107 Idaho at 793, 693 P.2d at 439.

The words “not inconsistent with federal law” are the key to the standard. Although footnote 1 mentions those words in the next sentence, it does so in a way which seeks to minimize their significance by suggesting it is an open question as to whether there is federal preemption which brings those words into play.

In the next paragraph he mischaracterizes Afton III and IV when he states they “... recognized the potential for preemption resulting from the Federal Energy Regulatory Act and the regulations promulgated thereunder.” (Emphasis supplied).

On the contrary, whether there is federal preemption was one of the most hotly contested issues, both by the parties and the members of this Court, and we firmly ruled that PURPA and the regulations under it preempt and control.

The Commission in refusing to adopt Idaho Power’s proffered language was merely carrying out the directives imposed by PURPA and the implementing FERC regulations. (Emphasis supplied).

107 Idaho at 788, 693 P.2d at 434.

Our opinion then proceeds to Section “II Tenth Amendment” where we specifically address and reject Idaho Power’s contention that PURPA preemption would violate the Tenth Amendment by usurping powers reserved to the states.

II.

There is a reason why the matters I discuss are of some significance in the scheme of things.

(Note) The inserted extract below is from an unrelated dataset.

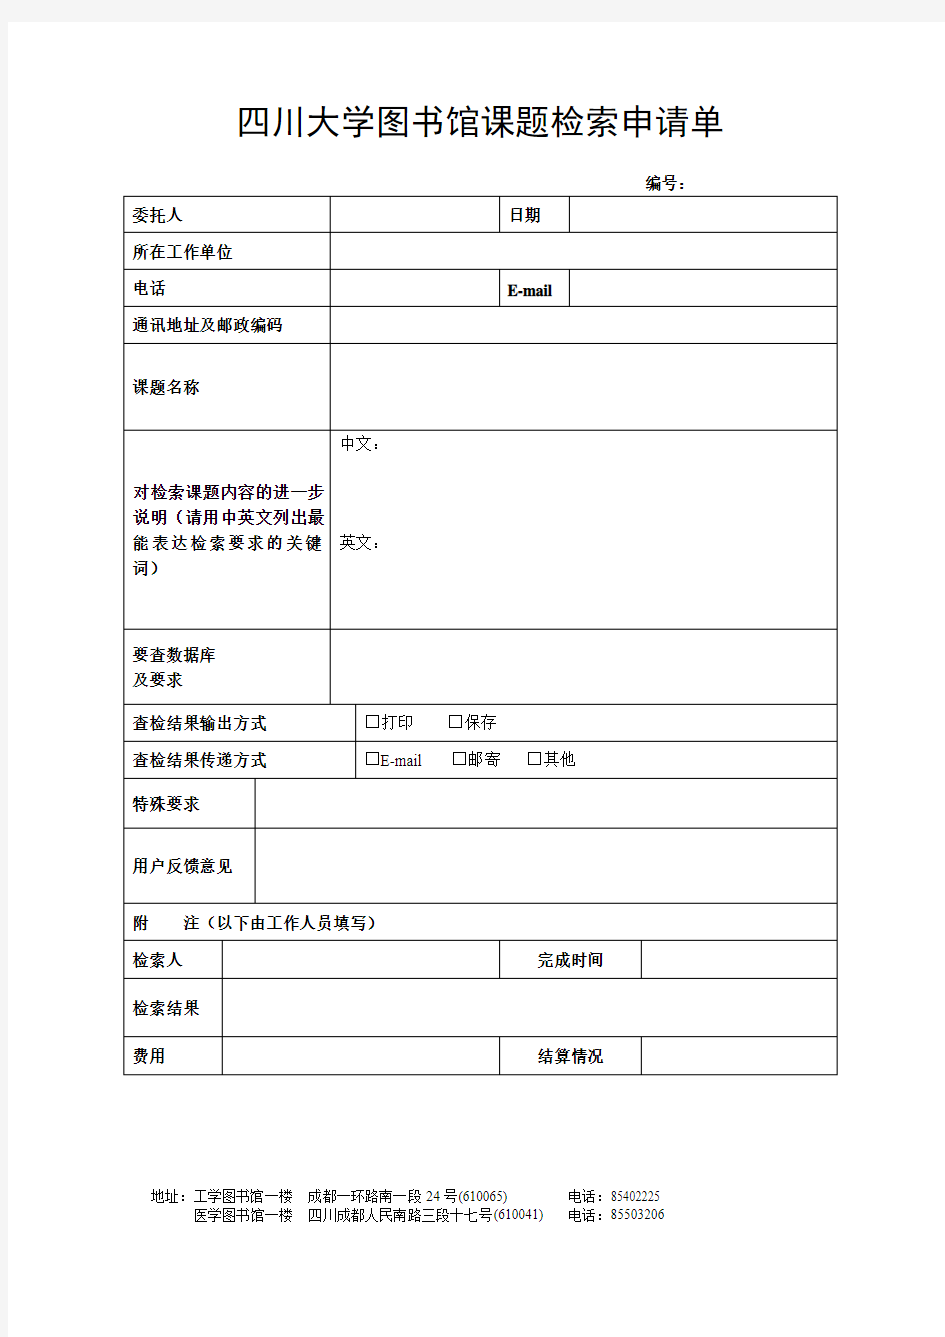 四川大学图书馆课题检索申请单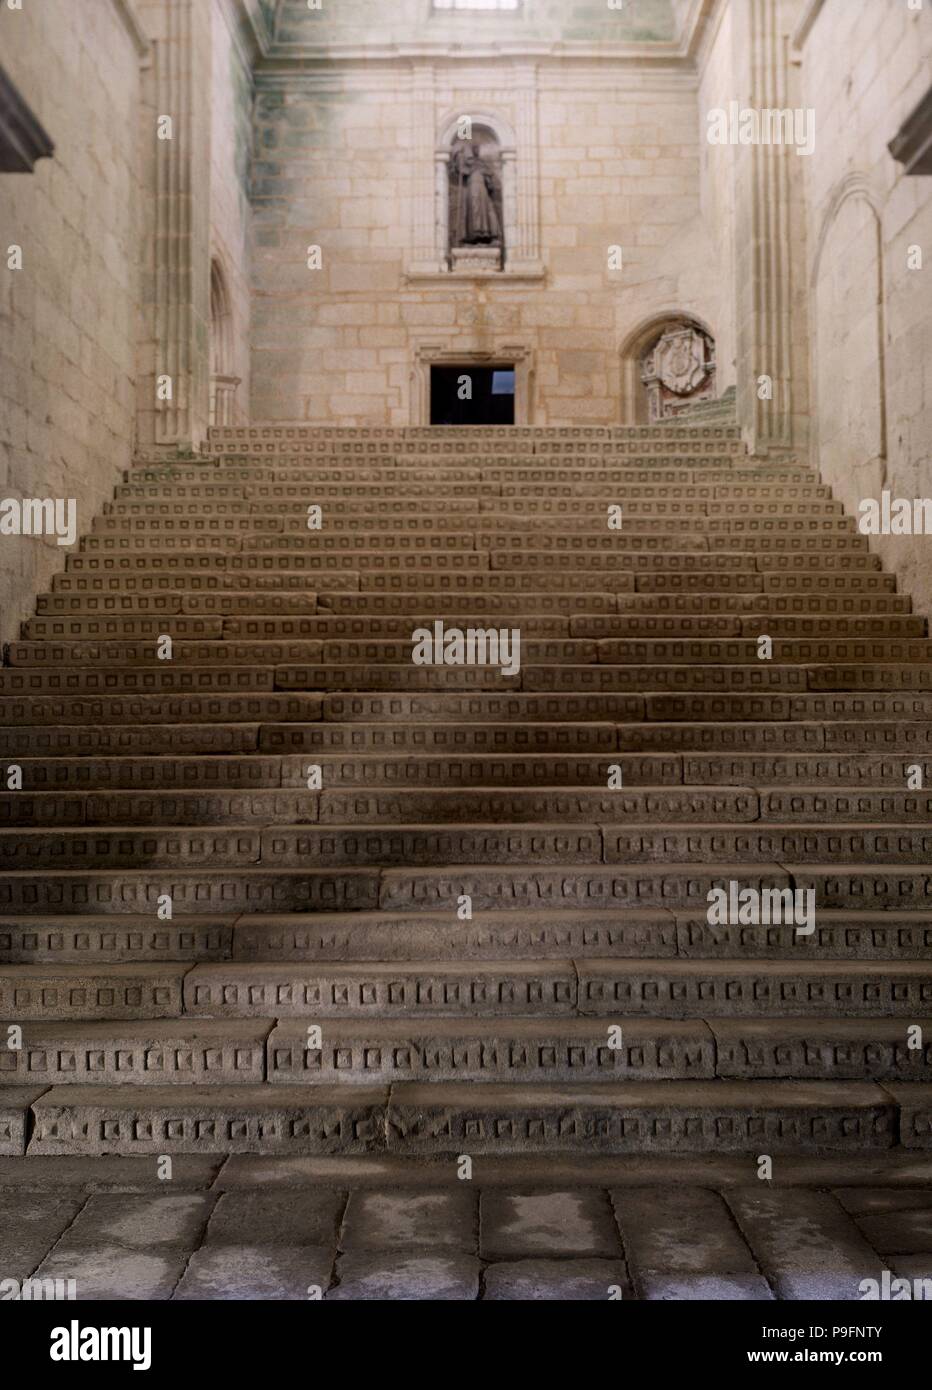 Historia de una escalera hi-res stock photography and images - Alamy

The opening sentence of Afton I/III defined the issue as follows:

The basic issue presented today is whether the Idaho Public Utilities Commission (Commission) has authority to order an electric utility to purchase power from a cogenerator or small power producer (CSPP) for a fixed term according to avoided cost rates previously approved by the Commission.

107 Idaho at 782, 693 P.2d at 428.

The reason PURPA requires fixed term/fixed rate contracts is to promote co-generation by making financing possible. When a utility finances plants by issuing 20-year bonds, those bonds carry a fixed interest rate for their term, which interest rate is not subject to change through the rate-making process from year to year.

The same type of stability is needed by cogenerators and their financing institutions. Thus, the standard we have adopted in Afton I/III creates that stability by not permitting the PUC to change the rate unless the utility is experiencing that extreme level of distress arising to the level of the “public interest review standard” for contract rates. Such is the concept “not inconsistent with federal law” as countenanced by the Public Utilities Regulatory Act — that concept being that the fixed term/fixed rate cogenerator’s contract is subject to price revision only under the most unusual and extreme circumstances.